In the current study, the PoseScore of the 10 proteins ranged from 0.741 to 4.69. Among these proteins, the lowest PoseScore was observed for 5HCX (0.741), which exhibited the most stable co‐crystal ligand pose (Figure 5). Apart from 5HCX, five other proteins 5CAO, 5CAN, 5CAS, 5CAP, and 5C8M had also exhibited PoseScores <2, that is, 0.806, 0.882, 1.014, 1.296, and 1.844, respectively (Figure 5). For three of the six above‐mentioned proteins (5HCX, 5CAO, 5CAS), their respective PersScore values were 0.838, 0.828, 0.83, which indicated the retention of hydrogen bonds for 80% or more of the average period of simulation. While in case of the remaining three proteins (5CAN, 5CAP, 5C8M), the H‐bond contacts were maintained for over 50%–60% of simulation time. On the other hand, PoseScore values >2 was observed for four structures, namely, 5C8N (2.767), 5HCY (3.403), 4RJ8 (4.429), 4RJ4 (4.469) (Figure 5). The high RMSDs observed for these ligands is a clear indication of the co‐crystal ligand's instability in their respective binding pockets because of which they were displaced from their initial position when subjected to BPMD's bias. 4RJ8 and 4RJ4, which displayed PoseScores of 4.429 and 4.69 exhibited zero PersScore values indicating a total absence/loss of H‐bond contacts. The remaining two proteins, 5C8N and 5HCY, also exhibited poor PersScore values (0.173 and 0.107, respectively). Therefore, these four proteins that showed high PoseScore and low PersScore were removed from consideration at this stage. Moreover, a comparison between the PoseScore and PerScore distribution of the 10 proteins (Figure 6) revealed that in all the cases when a protein–ligand complex has good PoseScore (i.e., less than 2) it also demonstrated good PersScore (i.e., greater than 50% interactions). Therefore, the six crystal structures 5HCX, 5CAO, 5CAN, 5CAS, 5CAP, and 5C8M having PoseScore <2 and PersScore >0.5 were thus taken forward for enrichment factor (EF) calculations (Figures 5 and 6). Furthermore, the similarity of the crystal ligands bound to these six proteins was also considered and it was observed that all the six co‐crystal ligands are dissimilar (Figure 3 and Table S2).
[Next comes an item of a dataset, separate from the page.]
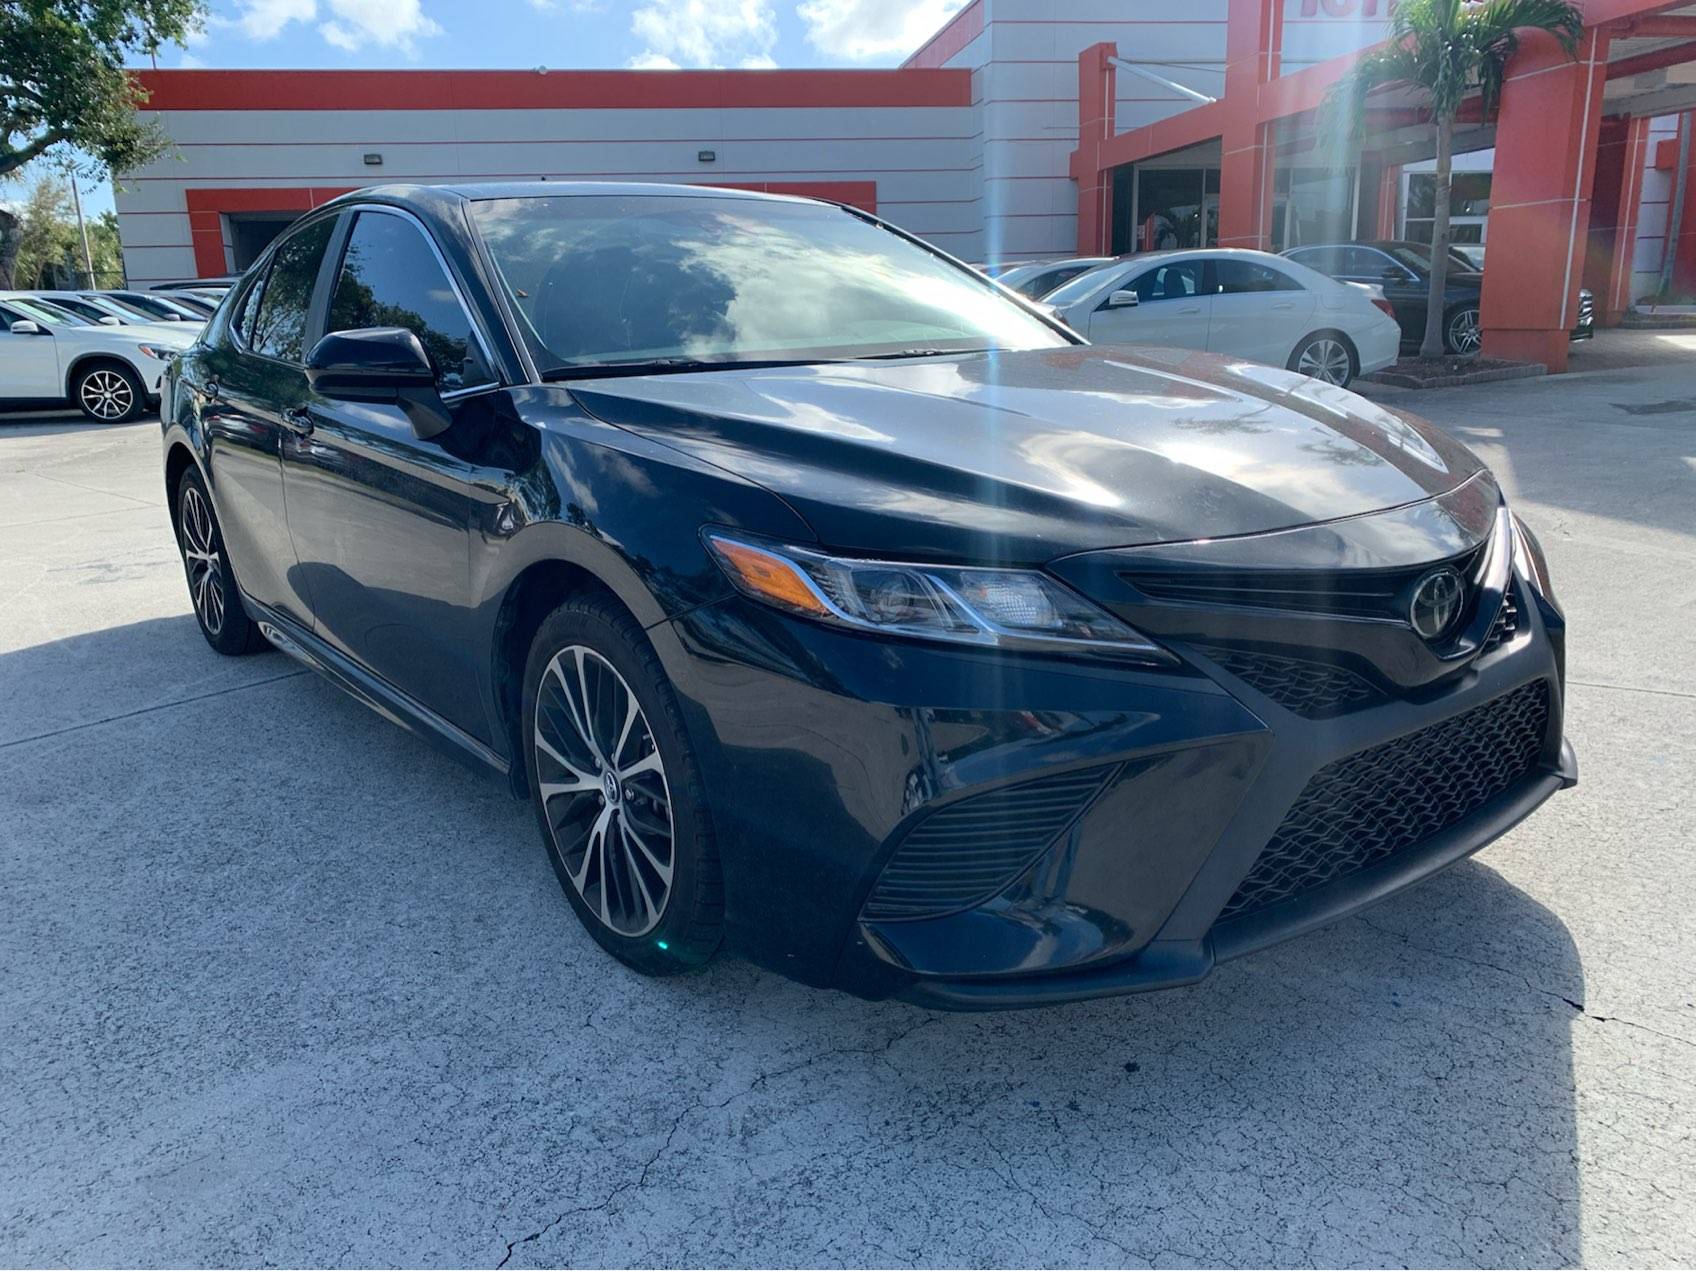 Florida Fine Cars - Used Toyota Camry 2018 WEST PALM SE

Binding Pose Metadynamics results of the 10 EGFR mutant proteins along with their PoseScore and PersScore.

Comparison between PoseScore and PersScore of the 10 protein–ligand complexes for which BPMD was performed.
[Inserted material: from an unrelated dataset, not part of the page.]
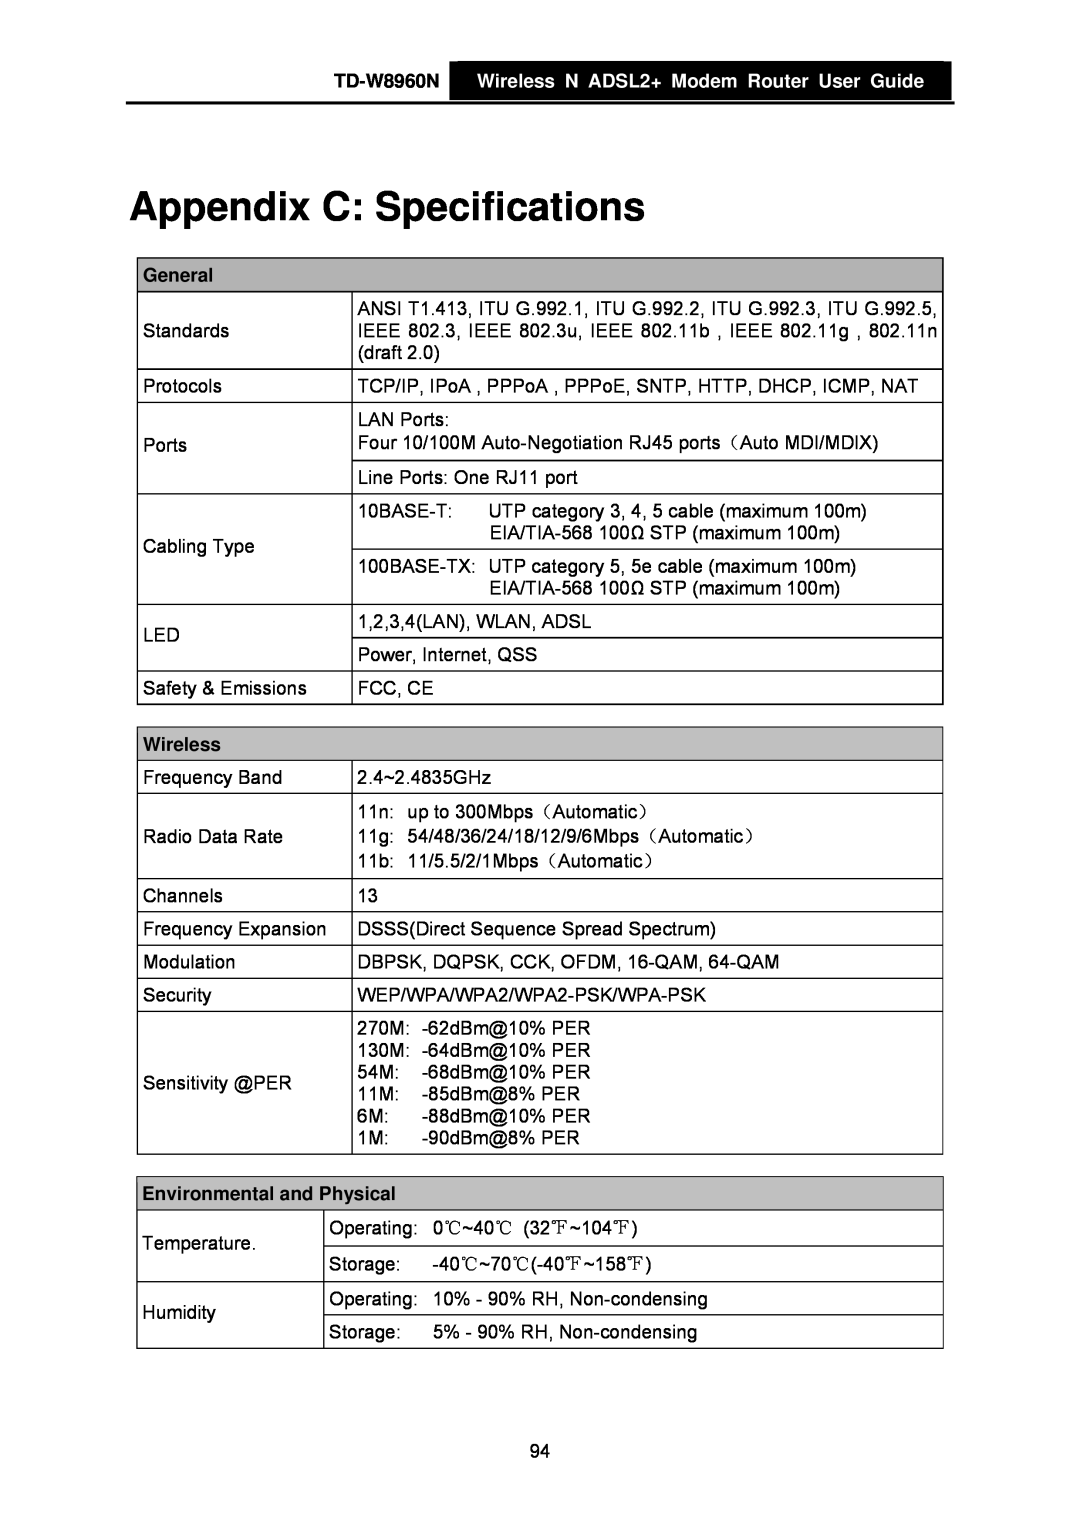 TP-Link manual Appendix C Specifications, TD-W8960N Wireless N ADSL2+ Modem Router User Guide, General

2.4. Enrichment metric evaluation

A common difficulty that arises with VS is the “early recognition” problem wherein the position of active molecules in the rank ordered screened list of ligands is unknown, that is, whether they lie in the early or last part or distributed throughout the set (Truchon & Bayly, 2007). Since, experimental validation is done post VS, for the top few compounds only, therefore identification of an optimal crystal structure that is capable of identifying the true actives early in the dataset is critical. If active molecules are not present early in the set, then there is a chance that they may be missed during experimental validation. Therefore, the six TMLR crystal structures shortlisted after cross‐docking, ligand similarity, binding‐site conformational similarity comparison, and BPMD were then validated by docking a library of molecules containing both actives and decoys and evaluating them using various enrichment metrics like ROC, area under the accumulation curve (AUAC), robust initial enhancement (RIE), Boltzmann‐enhanced discrimination receiver operator characteristic (BEDROC), and 1% enrichment factor (EF_1%) (Table 2).

TABLE 2.

Results of the enrichment calculations performed for the six proteins identified through BPMD.

Protein	Res (Å)	K_i (nM)	Pose score	Pers score	BEDROC	ROC	RIE	AUAC	EF_1%
5HCX	2.6	4.1	0.741	0.838	0.878	0.90	11.97	0.89	46
5CAN	2.8	124	0.882	0.538	0.873	0.93	12.25	0.92	45
5CAP	2.4	52	1.296	0.598	0.838	0.92	12.01	0.91	44
5CAO	2.6	38	0.8	0.828	0.823	0.92	11.91	0.91	44
5CAS	2.1	1.4	1.014	0.830	0.832	0.93	12.09	0.93	43
5C8M	2.9	64	1.84	0.539	0.746	0.92	11.7	0.92	38

Open in a new tab

Abbreviations: AUAC, area under the accumulation curve; BEDROC, Boltzmann‐enhanced discrimination receiver operator characteristic; BPMD, binding pose meta‐dynamics; EF_1%, 1% enrichment factor; RIE, robust initial enhancement; ROC, receiver operating characteristic curve.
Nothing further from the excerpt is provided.